Endothelial lipase (endothelial lipase EL) is a new member of the family recently discovered triglyceride lipase, secreted by endothelial cells, play a role in the local. The main with phospholipase activity, is a key enzyme in the metabolism of HDL-C, how to reduce or inhibit the activity of EL, thereby reducing the degradation of HDL-C, is a new development way of treating atherosclerosis the expression of EL. So the study of transcriptional regulation, how to effectively reduce the EL is extremely urgent.
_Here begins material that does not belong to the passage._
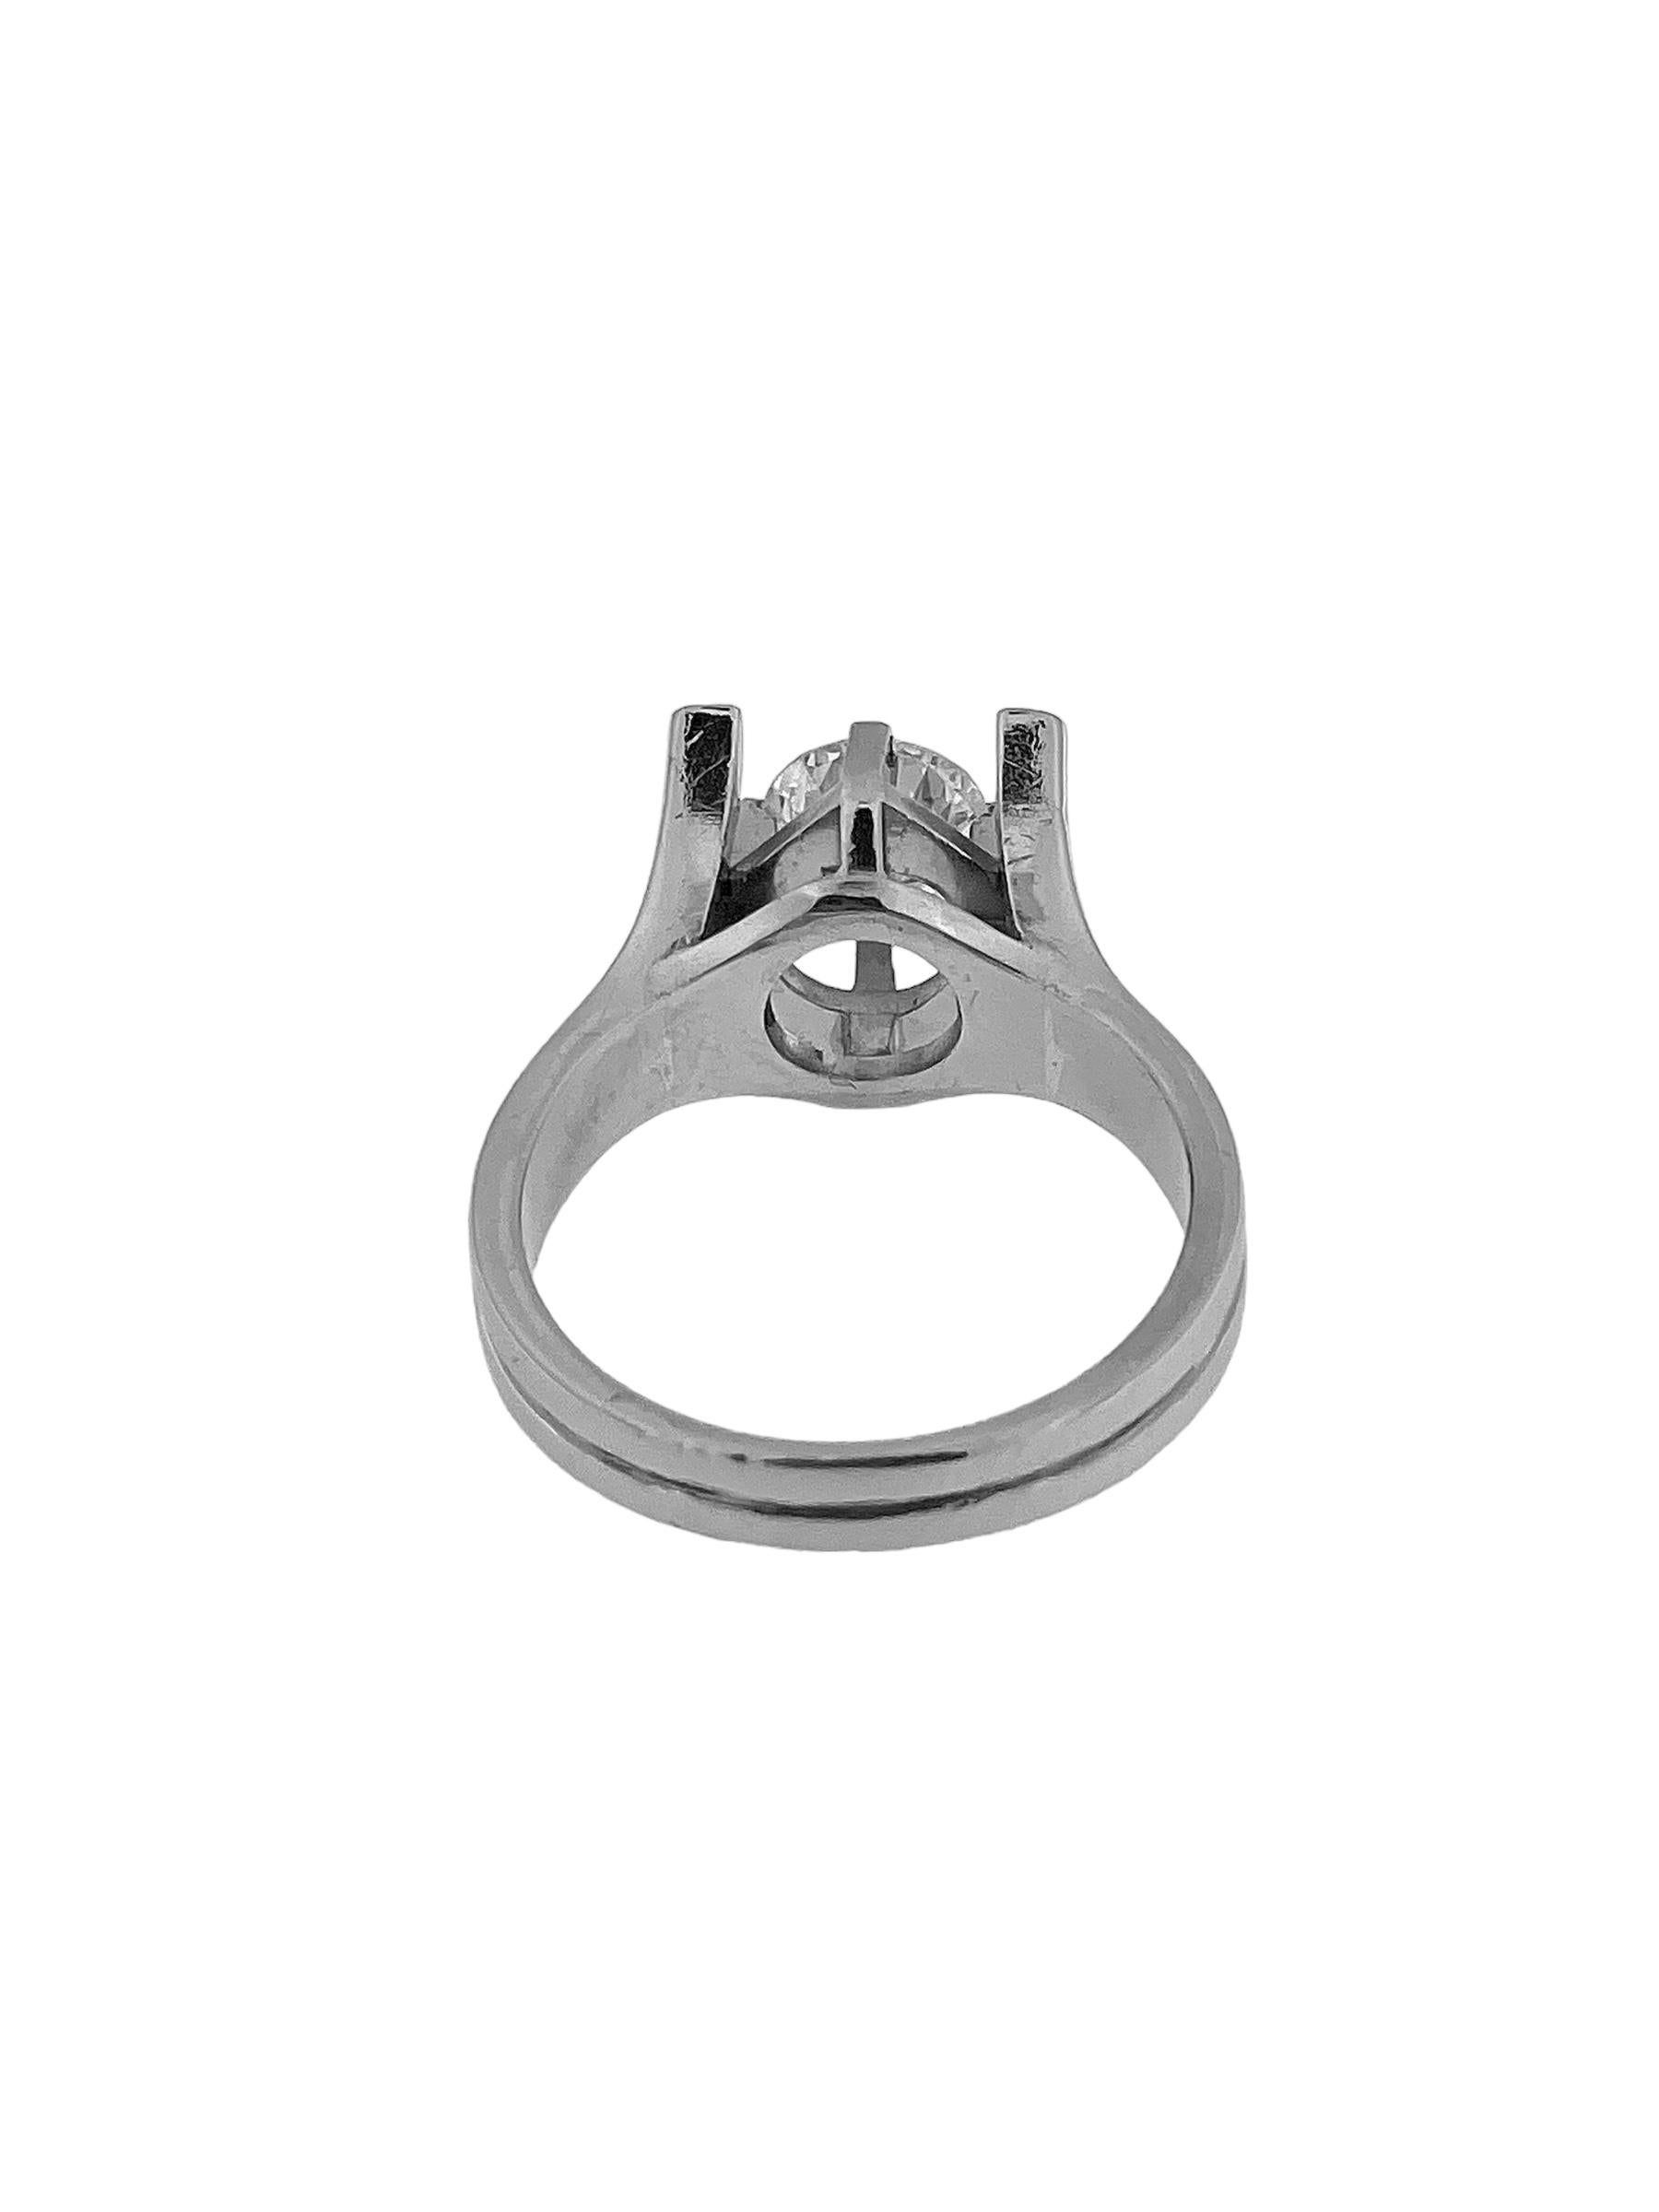 HRD Certified Palladium and Diamond Solitaire Ring For Sale 3

Angiotensin II (Angiotensin II, Ang II) and inflammatory cytokines interleukin -6 (interleukin-6, IL-6) are two important risk factors of atherosclerosis.Ang II by increasing macrophage scavenger receptor CD36, promote macrophage uptake of oxidized low density lipoprotein (oxidized low density lipoprotein, ox-LDL), the formation of acceleration foam cells; can induce inflammatory reaction and apoptosis, the pathological process of oxygen free radicals and influence of fibrinolytic function and other aspects involved in atherosclerosis; plaque instability could increase the expression of factor [7]EMMPRIN and MMPs[8,9], increased atherosclerosis in.IL-6 is also an important factor of atherosclerosis, which constitutes the pathology of many acute and chronic diseases the science foundation, can damage endothelial cells caused by endothelial dysfunction, increased monocyte and endothelial cells The adhesion, can also promote the uptake of lipid in macrophage. Nuclear factor kappa B NF- is an important regulator of nuclear transcription factor, activator can activate the expression of a variety of effects including cytokines, chemical factors genes. MAPKs mitogen activated protein kinase cascade is one of the important intracellular signal transduction systems, participate in a variety of intracellular information the transfer process, can on a wide range of extracellular stimuli, studies show that NF- kappa B and increase the expression of p38MAPK in atherosclerosis, may be one of the mechanisms of various risk factors for atherosclerosis, NF- kappa B and p38MAPK signaling pathway may play a role in the process of expression in the transcription of EL. The in vitro cultured human umbilical the venous endothelial cells with IL-6 and Ang II stimulated endothelial cells, observed IL-6, Ang II, NF- kappa B p65 inhibitor PDTC (Pyrrolidinedithioearbamic acid) and SB203580 (p38M The effect of APK inhibitor on the expression of EL verifies whether IL-6 and Ang II regulate the expression of EL by means of NF- - kappa B and MAPK signal transduction pathway.
research method
1. the umbilical vein endothelial cells of the newborn were extracted and cultured. After being identified as endothelial cells, the endothelial cells were cultured and cultured. The fourth generation cells were used for the experiment.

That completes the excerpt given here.